0x5020000000b0 is located 0 bytes inside of 1-byte region [0x5020000000b0,0x5020000000b1)
allocated by thread T0 here:
    #0 0x55b19ffe3992 in malloc (/home/pitta/workspace/fuzz_task/epub2txt2/epub2txt+0xd0992) (BuildId: 1e67861830c23e4caec542341fbd9527832f82ff)
    #1 0x55b1a003e9c5  (/home/pitta/workspace/fuzz_task/epub2txt2/epub2txt+0x12b9c5) (BuildId: 1e67861830c23e4caec542341fbd9527832f82ff)
    #2 0x55b1a004717f  (/home/pitta/workspace/fuzz_task/epub2txt2/epub2txt+0x13417f) (BuildId: 1e67861830c23e4caec542341fbd9527832f82ff)
    #3 0x55b1a0026b1e  (/home/pitta/workspace/fuzz_task/epub2txt2/epub2txt+0x113b1e) (BuildId: 1e67861830c23e4caec542341fbd9527832f82ff)
    #4 0x55b1a0027b57  (/home/pitta/workspace/fuzz_task/epub2txt2/epub2txt+0x114b57) (BuildId: 1e67861830c23e4caec542341fbd9527832f82ff)
    #5 0x55b1a002df40  (/home/pitta/workspace/fuzz_task/epub2txt2/epub2txt+0x11af40) (BuildId: 1e67861830c23e4caec542341fbd9527832f82ff)
    #6 0x7efe655a3c89 in __libc_start_call_main csu/../sysdeps/nptl/libc_start_call_main.h:58:16

SUMMARY: AddressSanitizer: negative-size-param (/home/pitta/workspace/fuzz_task/epub2txt2/epub2txt+0xb8fd3) (BuildId: 1e67861830c23e4caec542341fbd9527832f82ff) in strncpy
==4980==ABORTING
kevinboone commented 3 weeks ago

Thank you for reporting this.

Three of the failure cases you supplied, I could fix with only small changes to the code, so I have done so.

Two of the cases could not be easily fixed, without substantial changes to the XML parsing logic, which would add more than I want to, to the size of the program. I'm sorry, but I will not be fixing these.

The failures in this bug report all relate to the handling of corrupt EPUB files. That is, they contain missing XML files, or XML files that are badly-formed. I do not claim that epub2txt2 is robust against abuse of that kind. Its design priorities are small size, speed, and minimal dependencies. Even when a bug of this type can be fixed, the fix just changes a crash into a fatal error message. Fixing such bugs does not really improve the user experience much, if at all.
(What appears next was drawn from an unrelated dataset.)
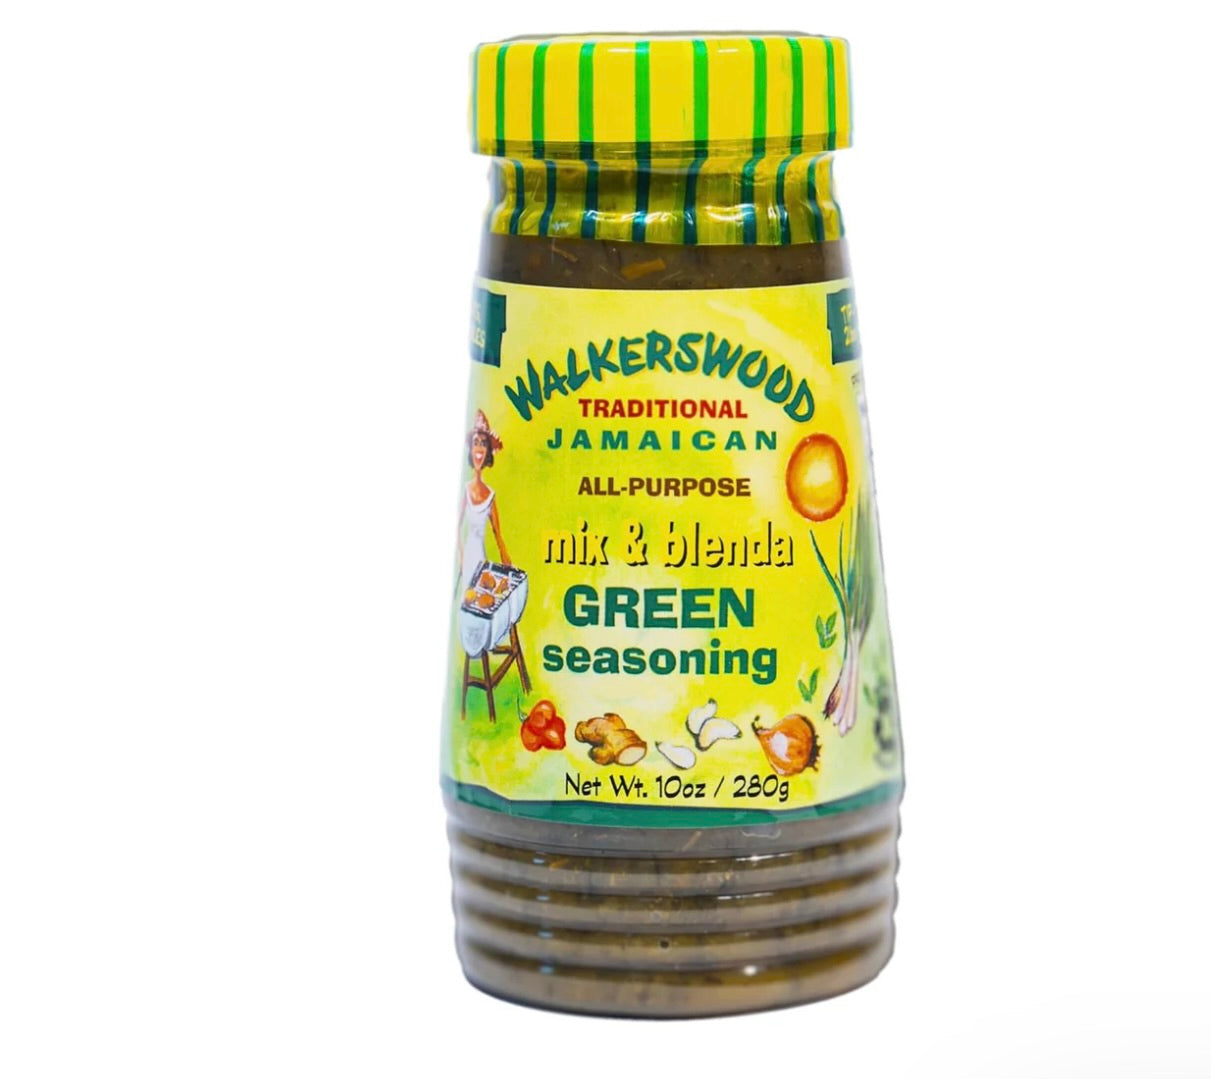 Walkerswood seasoning

I appreciate bug reports, but I do want to remind people that epub2txt2 is not designed to operate in a hostile environment, where it will be supplied with deliberately broken input data. It should not be used in this way, and I can't promise to fix bugs if it is.